Overview
This three-day introductory course focusses on helping participants gain a thorough understanding of maintaining a Hadoop cluster and its components. Compared to other cluster architectures, Hadoop s designed for massive scalability and has superior fault tolerance. The course also covers how to install, configure and maintain Hadoop on Linux in various computing environments.
What You'll Learn
- Learn to install, configure and maintain the Apache Hadoop framework
 - Explore MapReduce, YARN and Spark
 - Explore Mahout and MLib as well as other frameworks
 - Explore Hadoop architecture (MapReduce, YARN, HDFS, Spark, Cassandra, HBase, Pig, Hive)
 - Install Hadoop
 - Test-run Hadoop programs (Explore basic tests)
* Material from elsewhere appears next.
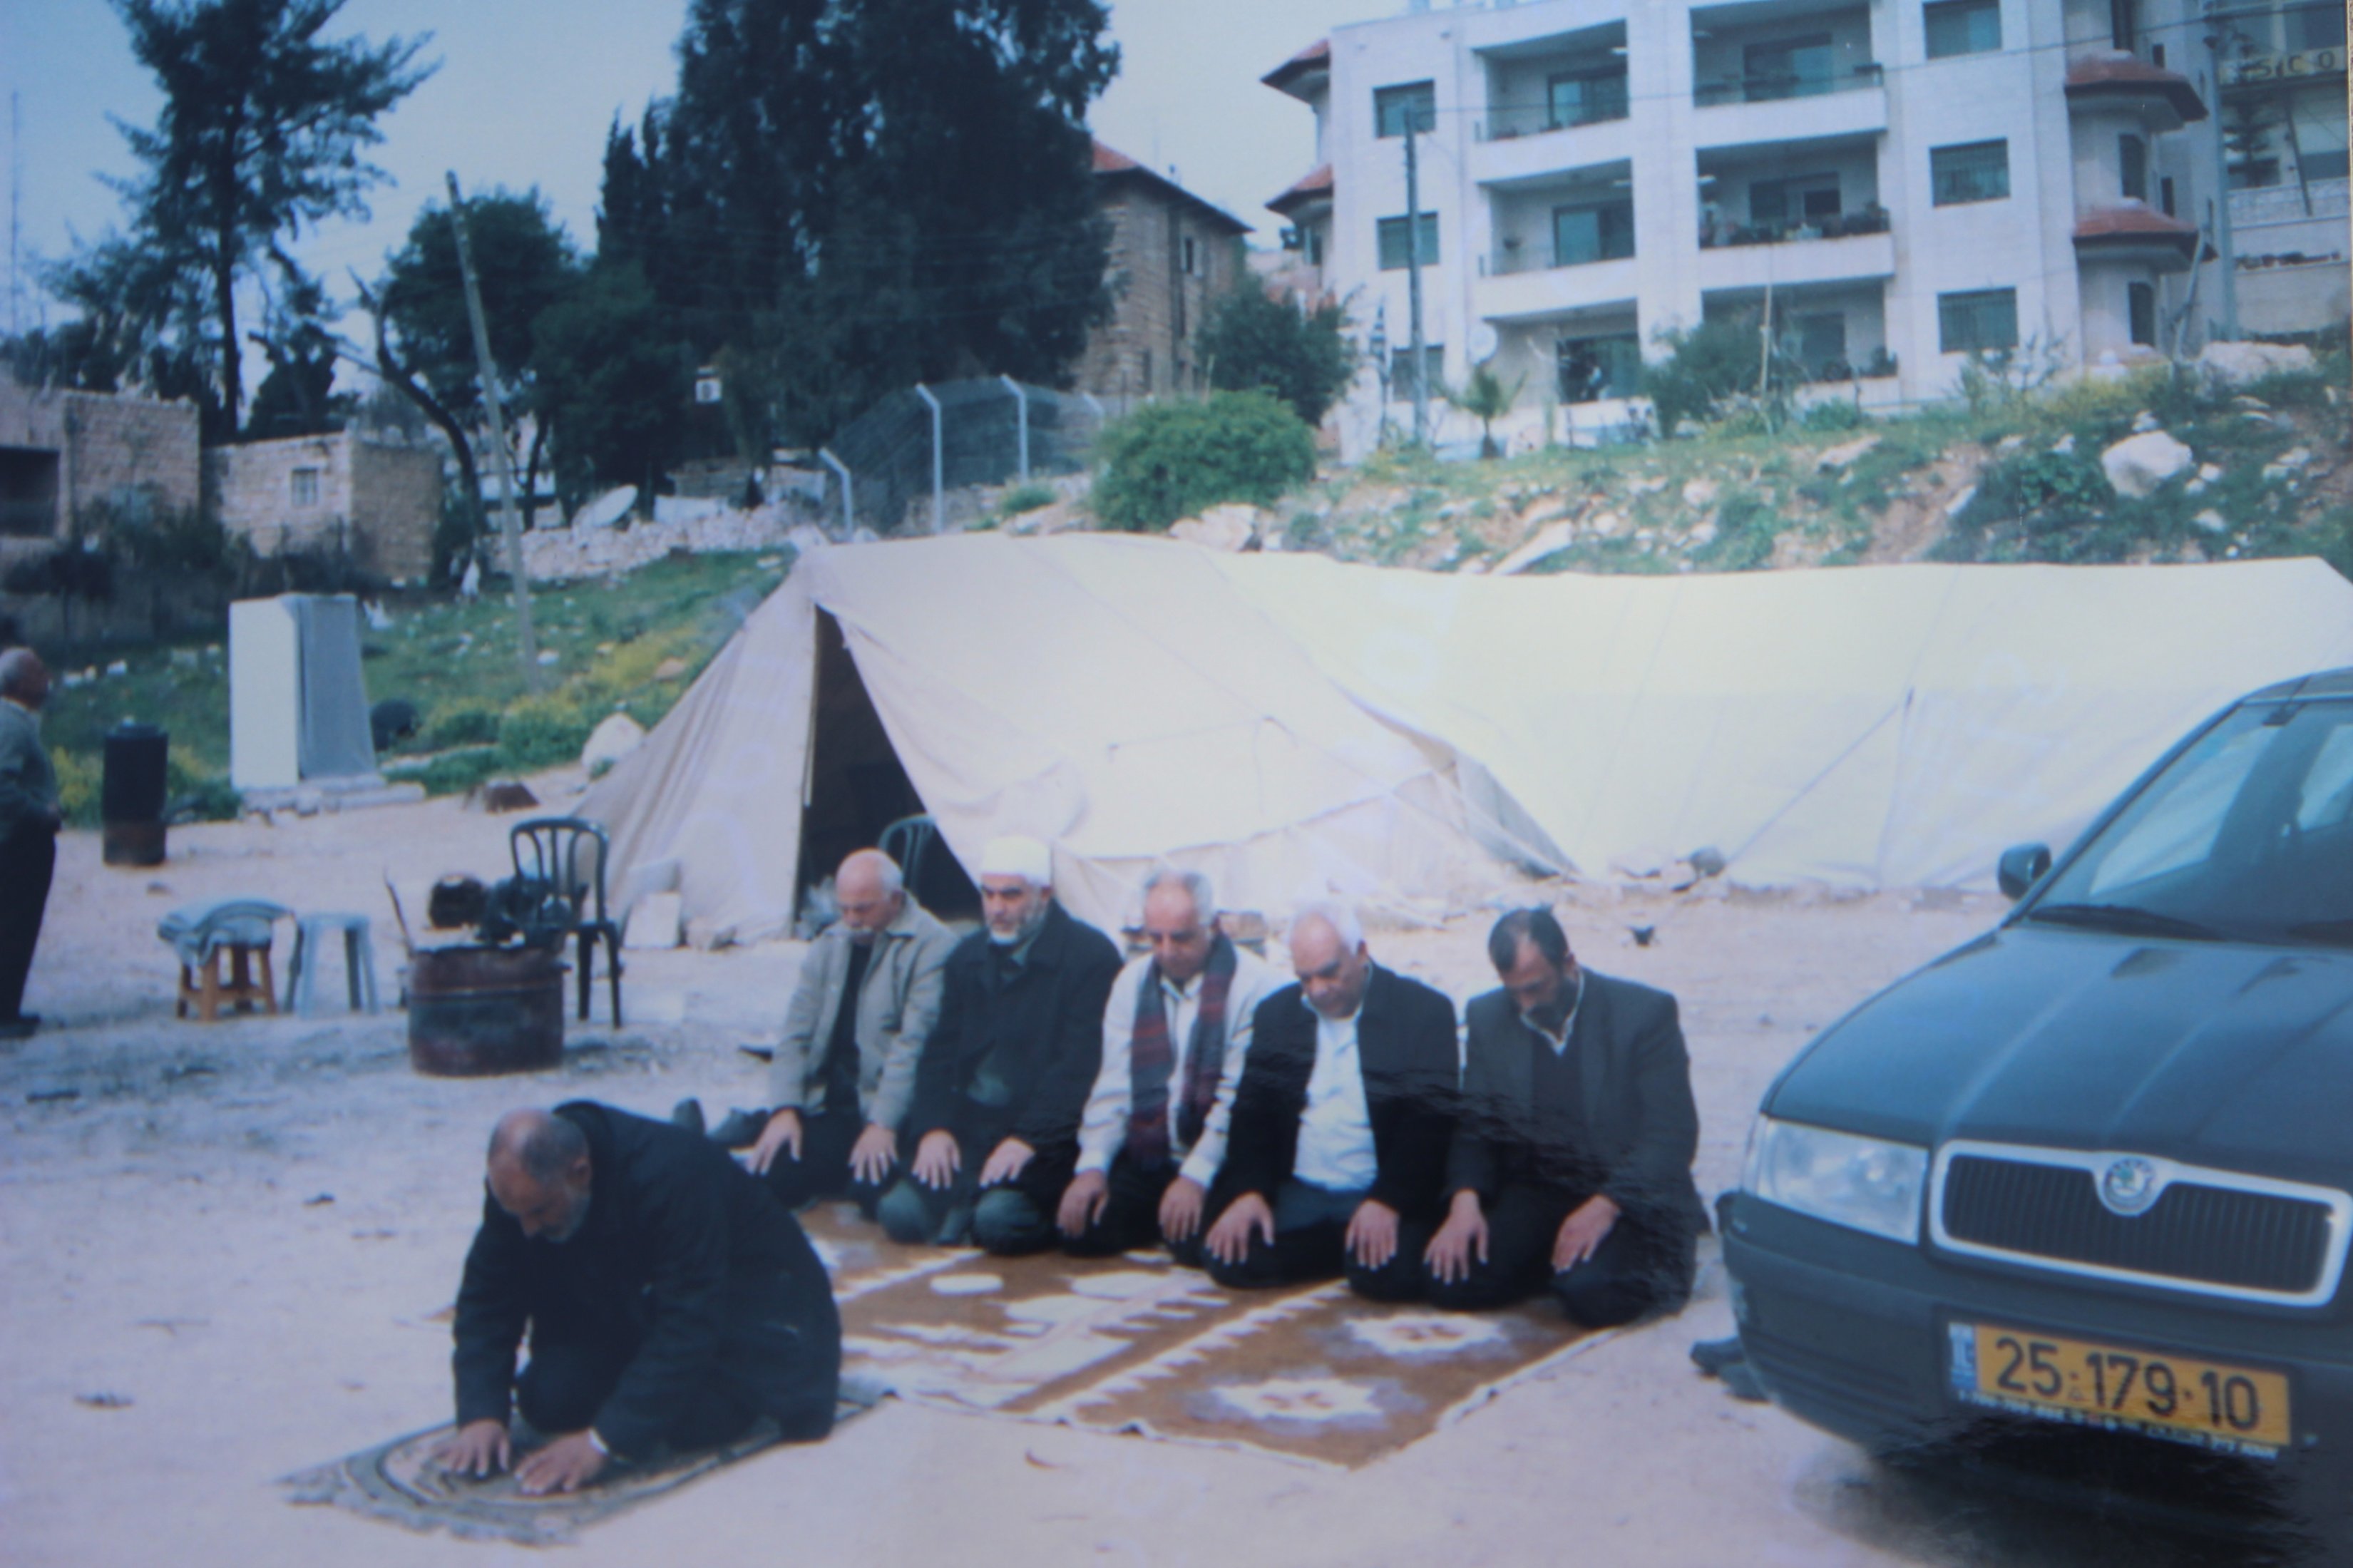 Une photo de 2008 montrant la tente dans laquelle vivait Fawziah al-Kurd après avoir été expulsée de sa maison de Sheikh Jarrah

 - Learn to optimize and performance-tune Hadoop
 - Explore installing Hadoop for the cloud and HBase (optional)
 
Curriculum
- Hadoop history and concepts
 - Ecosystem
 - Distributions
 - High level architecture
 - Hadoop myths
 - Hadoop challenges (hardware / software)
 
- Selecting software and Hadoop distributions
 - Sizing the cluster and planning for growth
 - Selecting hardware and network
 - Rack topology
 - Installation
 - Multi-tenancy
 - Directory structure and logs
 - Benchmarking
 
- Concepts (horizontal scaling, replication, data locality, rack awareness)
 - Nodes and daemons (NameNode, Secondary NameNode, HA Standby NameNode, DataNode)
 - Health monitoring
 - Command-line and browser-based administration
 - Adding storage and replacing defective drives
 
- Parallel computing before MapReduce: compare HPC versus Hadoop administration
 - MapReduce cluster loads
 - Nodes and Daemons (JobTracker, TaskTracker)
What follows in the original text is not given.